As security managers look inside their organizations to find where useful user authorization and role information can be found and married with their SIMs' data, they're finding that the most complete information doesn't come from the traditional human resources (HR) systems, whose data is more functional in nature, but from IT's identity and access management (IAM) systems. These systems, unlike the HR tools, are geared toward identifying the role or responsibility a person plays within the organization in order to grant them proper access to the systems and information they need in order to perform their duties.
In the past this access was granted through managing a series of entitlements, coarse-grained access rights.
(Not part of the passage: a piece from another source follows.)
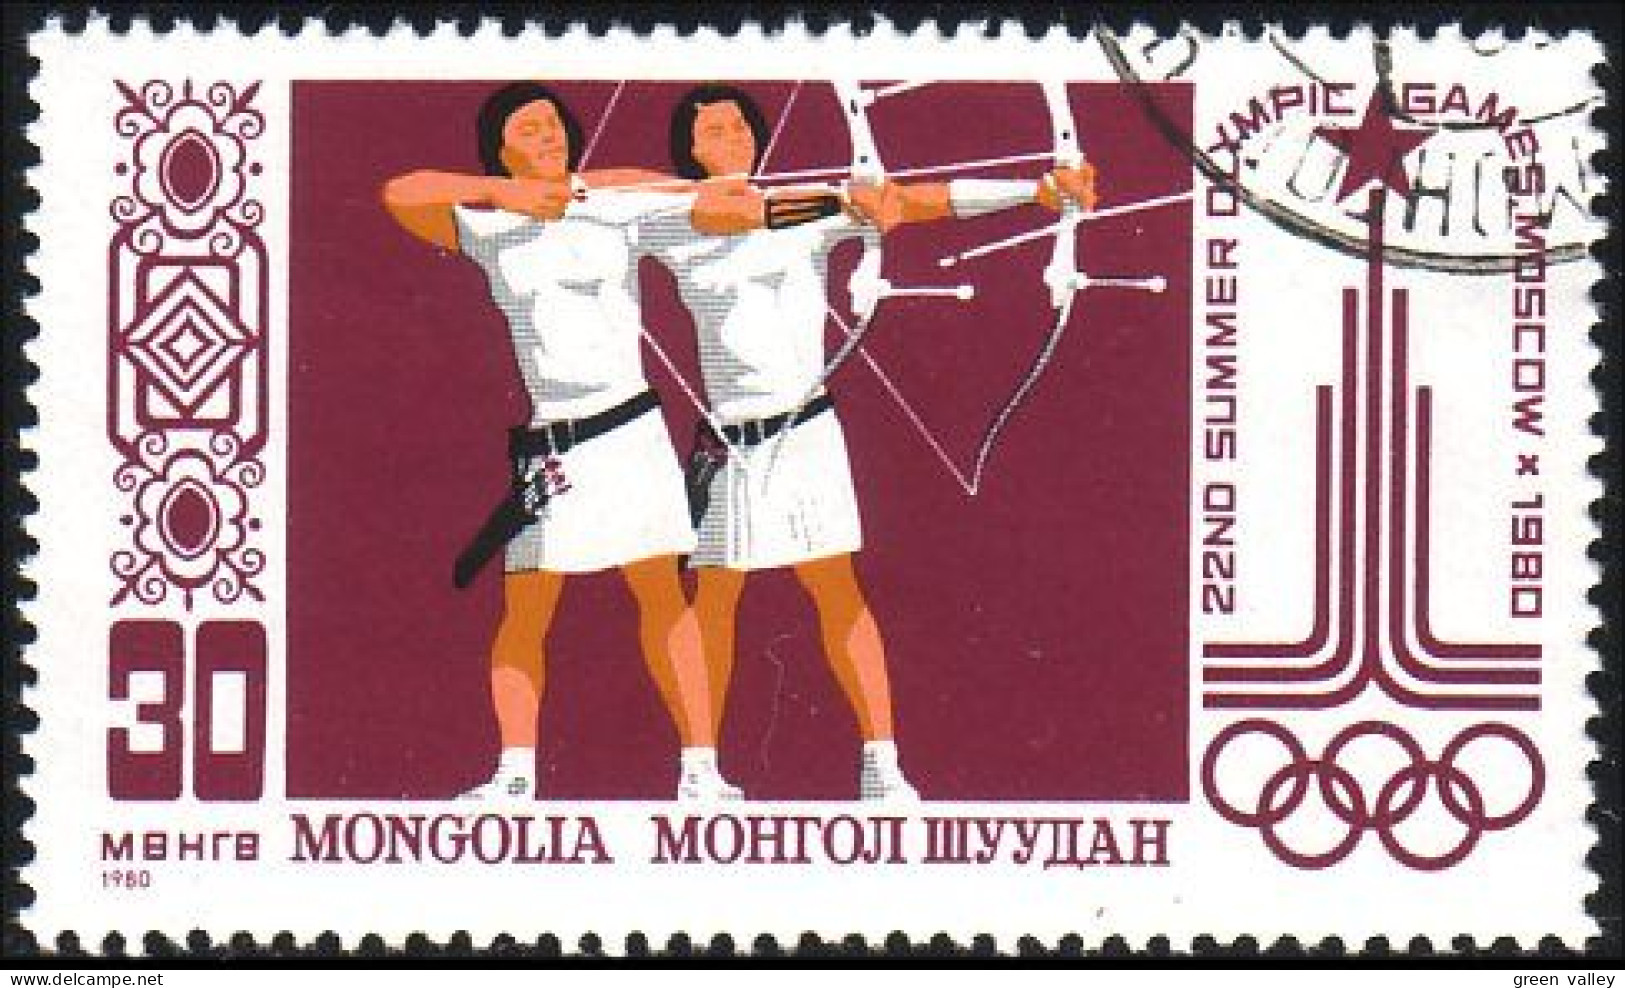 620 Mongolie Jeux De Moscou Tir à L'arc Bow And Arrow Moscow Games (MNG-24) - Boogschieten
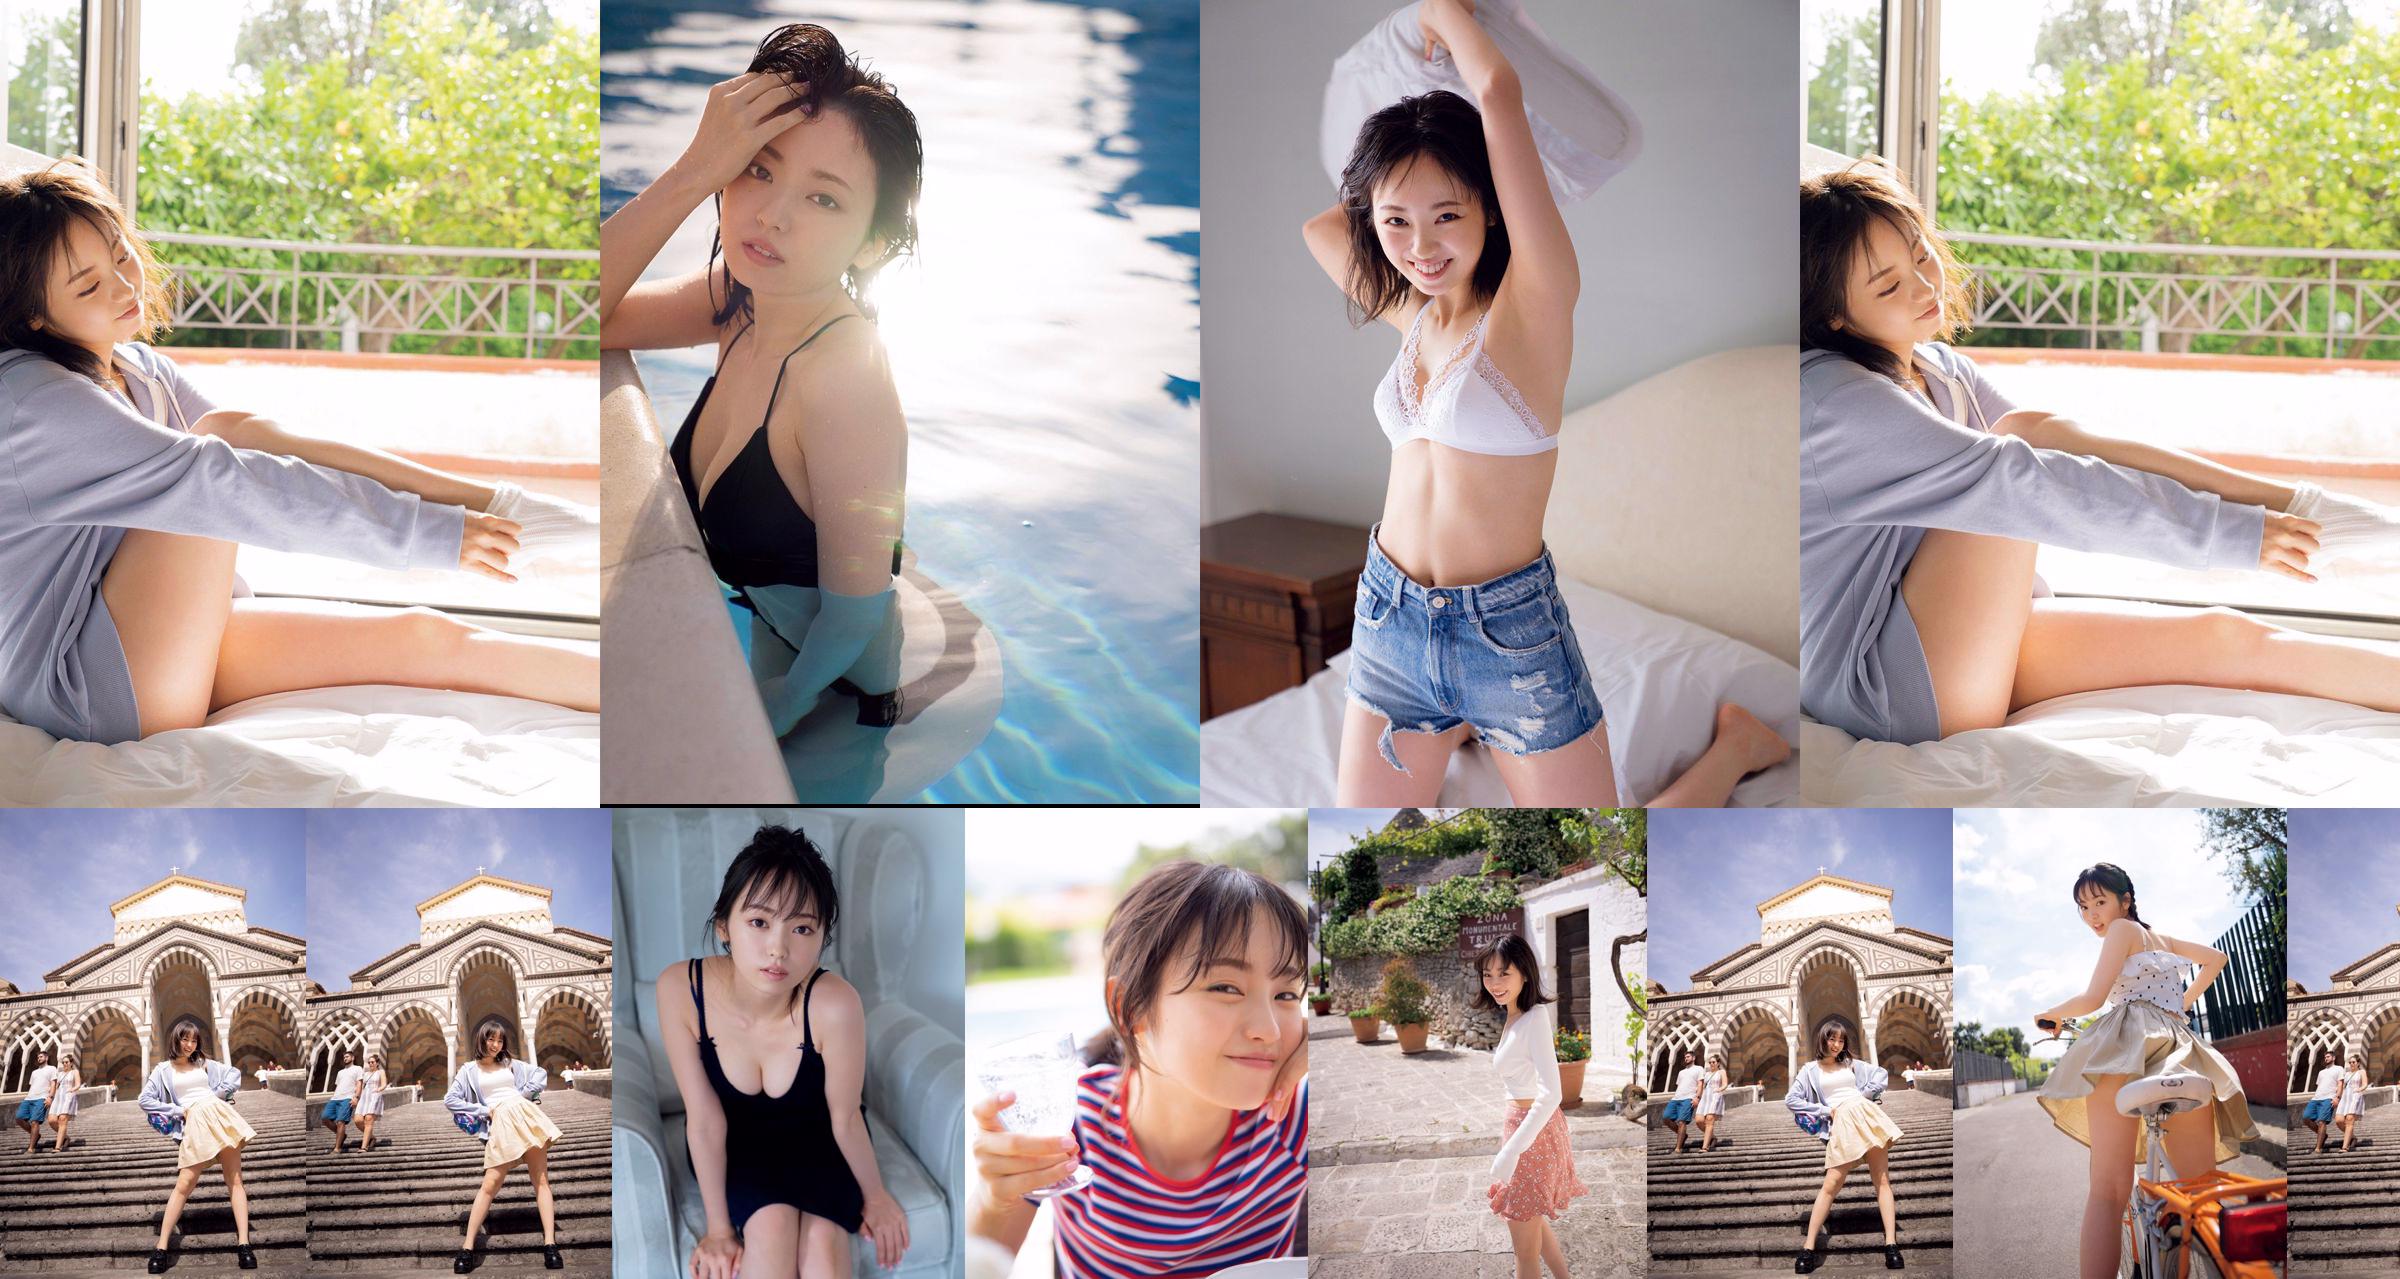 [FRIDAY] Keyakizaka46, Yui Imaizumi "Swimsuit & Lingerie of" First and Last! "" Photo No.49feb4 Page 3

But the current trend is to consolidate multiple entitlements under a single role-based access and control (RBAC) definition for consistency and manageability. For example, if all Web-development engineers need the same 20 entitlements to the same 10 systems to do their job, it is easier to consolidate all these entitlements under a single RBAC object, such as "Web engineer" and assign or remove their accounts using this single value in the account request used by their provisioning process than managing 200 entitlements (20 entitlements x 10 systems). By basing user identity and access on an RBAC model, IT processes for on-boarding, changes and off-boarding user accounts become more timely, greatly simplified, and more effective.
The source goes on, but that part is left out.